Power series solution for differential equation

[Jen_Jer_888]

Homework Statement

Solve the fluxional equation (y with a dot on top)/(x with a dot on top) = 2/x + 3 - x^2 by first replacing x by (x + 1) and then using power series techniques.

Homework Equations

dy/dx = 2/x + 3 - x^2

The Attempt at a Solution

First, I believe the fluxional (y with a dot on top)/(x with a dot on top) was just Newton's language and notation for the derivative dy/dx, so I rewrote the equation as 2 above. Then I replaced x by (x + 1) like it says, getting: dy/d(x+1) = 2/(x+1) + 3 - (x+1)^2
From there, I attempted to set it equal to the sigma series for the derivative of a power series, so: 2/(x+1) + 3 - (x+1)^2 = Sigma n*a_sub_n*(x+1)^(n-1) from n=1 to infinity = a_sub_1 + 2*a_sub_2*(x+1)+ 3*a_sub_3*(x+1)^2 + 4*a_sub_4*(x+1)^3 + ...
I don't know where to go from there. I'm not even sure how the substitution helps. Since there is no y or higher order derivative, I see no basis to compare series coefficients.

Any help would be appreciated!

 

[tiny-tim]

Welcome to PF!

Hi Jen_Jer_888! Welcome to PF!

(try using the X² icon just above the Reply box )

First, write z instead of (x+1), it's much easier!

Second, have you noticed that you can easily factor x³ - 3x - 2 ?

 

[Jen_Jer_888]

Thank you for the response! Here is my updated attempt.

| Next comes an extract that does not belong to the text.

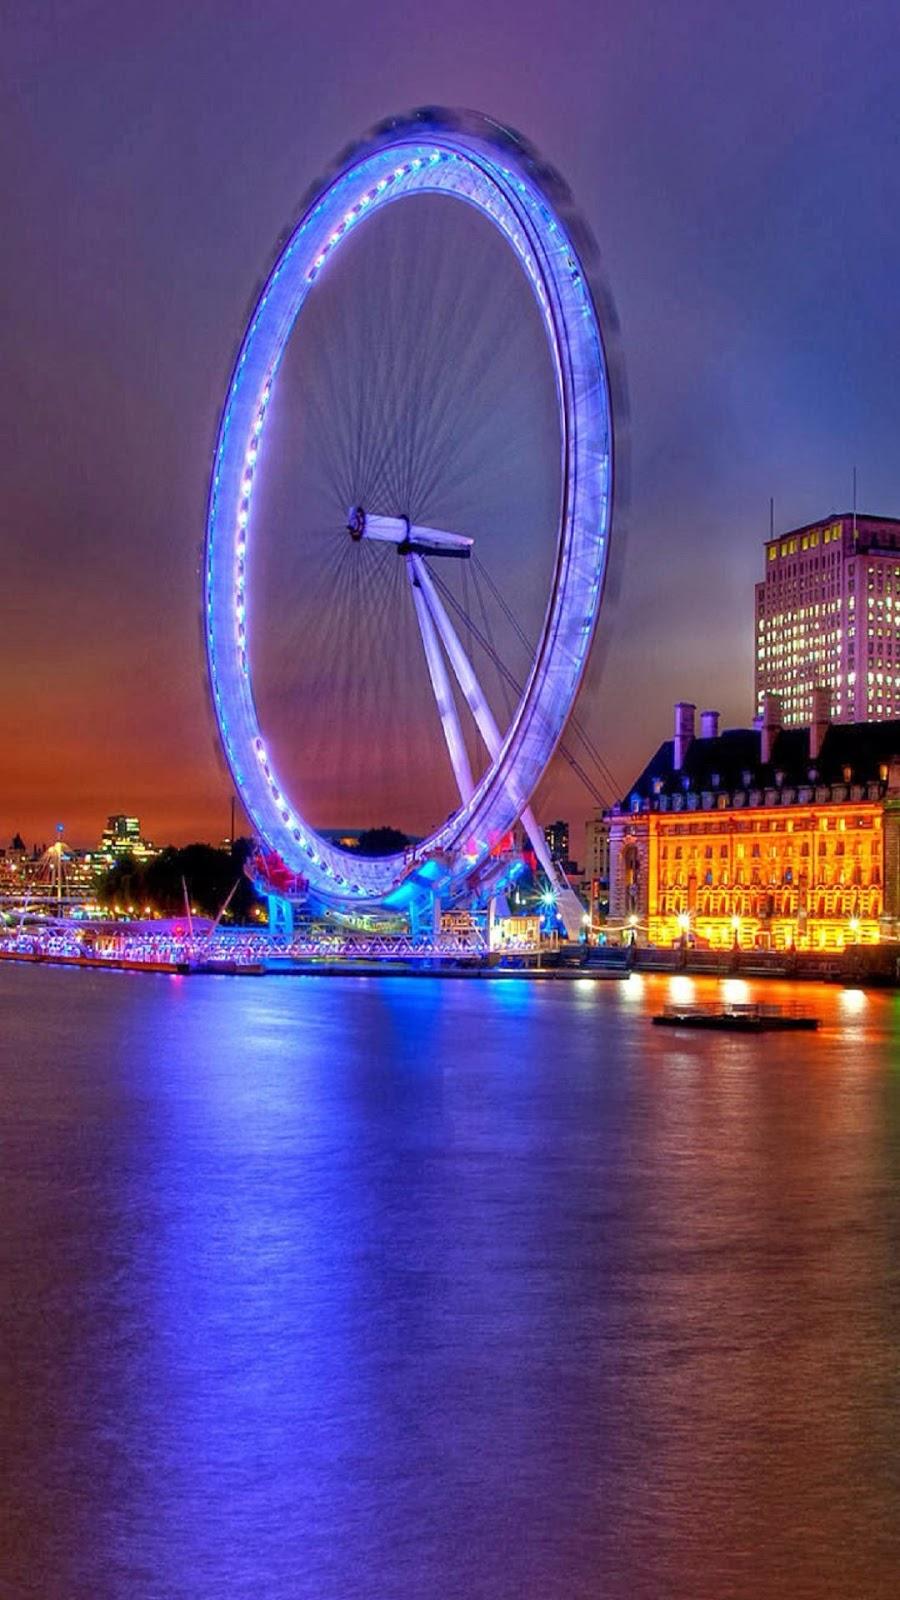 Wallpaper Android Kincir Bercahaya Biru London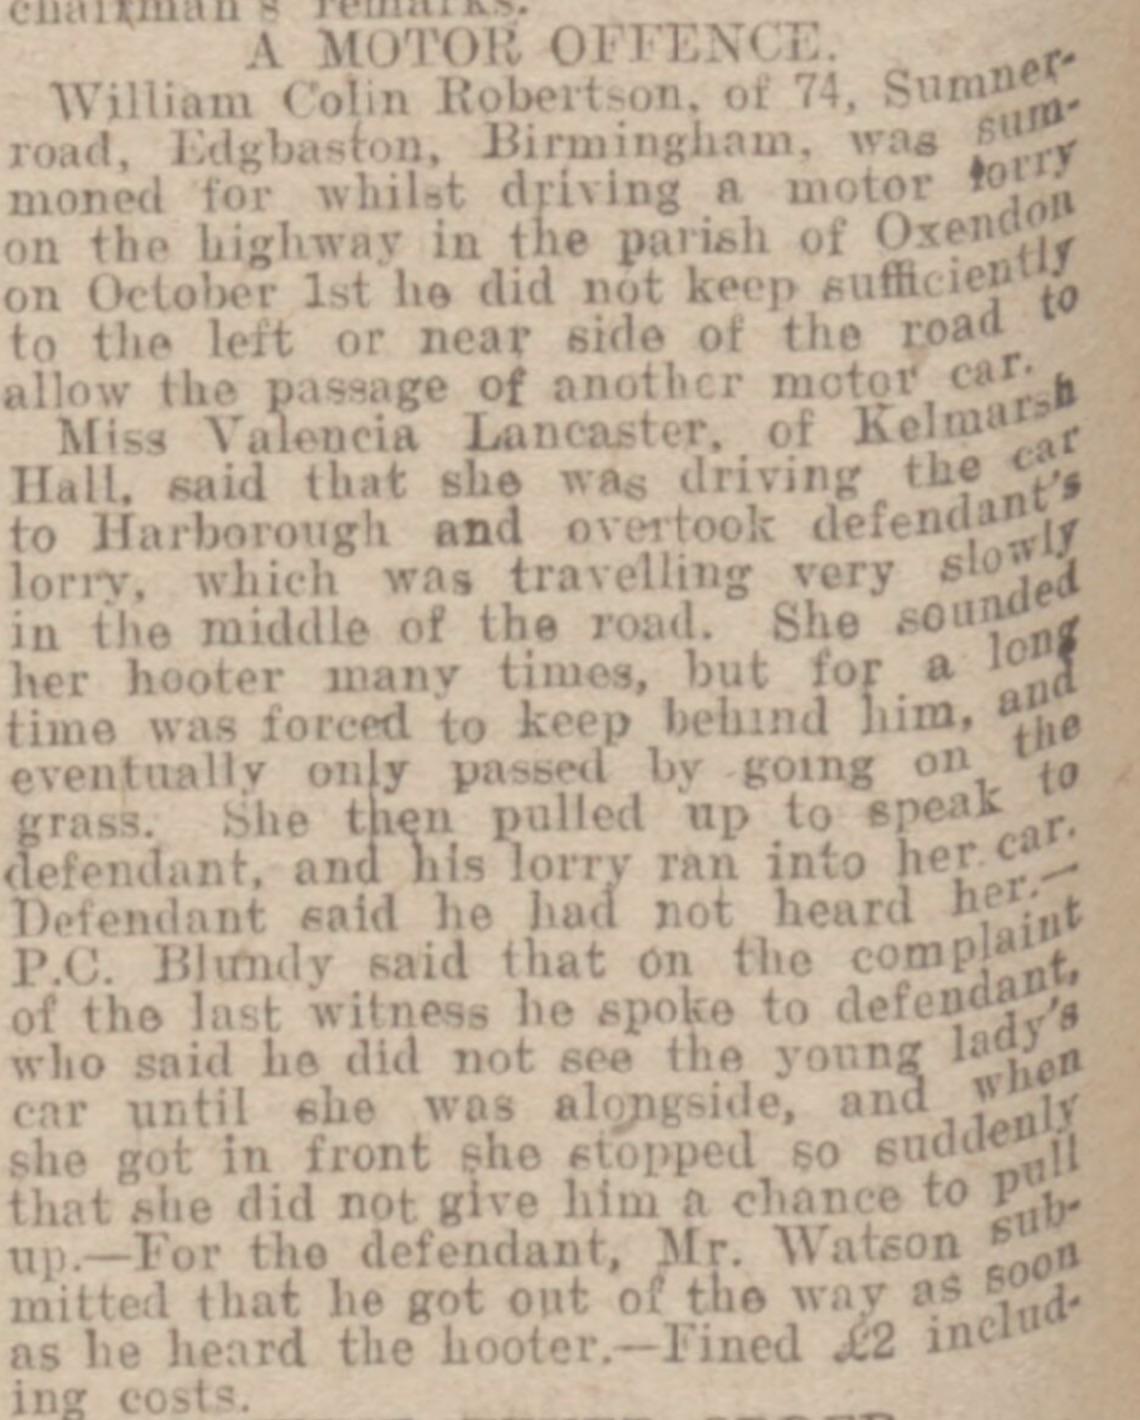 Northampton Mercury November 11, 1921 page 6

Can you verify it or explain if I go wrong?
Let z = x+1.
dy/dx = 2/x + 3 - x² => x(dy/dx) = 2+ 3x - x³ => -x(dy/dx) = x³ - 3x - 2.
This factors giving -x(dy/dx) = (x+1)²(x-2)
So dy/dx = [(x+1)²(x-2)]/(-x).
So dy/dx = [z²(z-3)]/(-(z-1))
Next I did polynomial long division for (z³ - 3z²)/(-z + 1) and I got this: -z² + 2z + 2 Remainder -2 or -z² + 2z + 2 + -2/(-z+1)

Then I did long division for the remainder. Flipping the bottom around, I did -2/(1-z) and got this: -2 - 2z - 2z² - 2z³ - 2z⁴ + ...

Plugging into the original quotient, I get -3z² - 2z³ - 2z⁴ - 2z⁵ + ...

Next, I lined up coefficients with those of the first derivative of the power series $\sum$ a_nzⁿ, since we are assuming a power series solution. That gives a₁ + 2a₂z + 3a₃z² + 4a₄z³ + ... = -3z² - 2z³ - 2z⁴ - 2z⁵ + ...

Thus, a₁ = 0, a₂ = 0, a₃ = -1, a₄ = -2/4, a₅ = -2/5, a₆ = -2/6, a₇ = -2/7 and so on

Plugging those into the power series for y gives: y = -z³ - (2/4)z⁴ - (2/5)z⁵ - (2/6)z⁶ - (2/7)z⁷ + ...

Is this an acceptable answer to the original question? Have I gone wrong anywhere?
I really appreciate your help!

 

[Jen_Jer_888]

After I get y = -z³ - (2/4)z⁴ - (2/5)z⁵ - (2/6)z⁶ - (2/7)z⁷ + ... do I need to plug (x+1) back in and get y in terms of x?

Can I replace x + 1 with x now and get y = -x³ - (2/4)x⁴ - (2/5)x⁵ - (2/6)x⁶ - (2/7)x⁷ + ...

If not, expanding each of those with x + 1 still in there would be a huge pain! Or would there be an easy way to do that?

 

[tiny-tim]

Hi Jen_Jer_888!

I'm really not sure what they're expecting you to do …

Solve the fluxional equation (y with a dot on top)/(x with a dot on top) = 2/x + 3 - x^2 by first replacing x by (x + 1) and then using power series techniques.

… the obvious way of solving this is simply to integrate the RHS, which gives you a cubic polynomial in x minus 2ln(x),

and ln(x) = ln(1-z) = -(z + z²/2 + z³/3 + … )

= -((1+x) + (1+x)²/2 + (1+x)³/3 + … ).

Adding that to the polynomial doesn't seem to give the same result as you have, but I can't see the actual mistake.

(And I've no idea whether they intend you to expand all those brackets … but personally I wouldn't.)​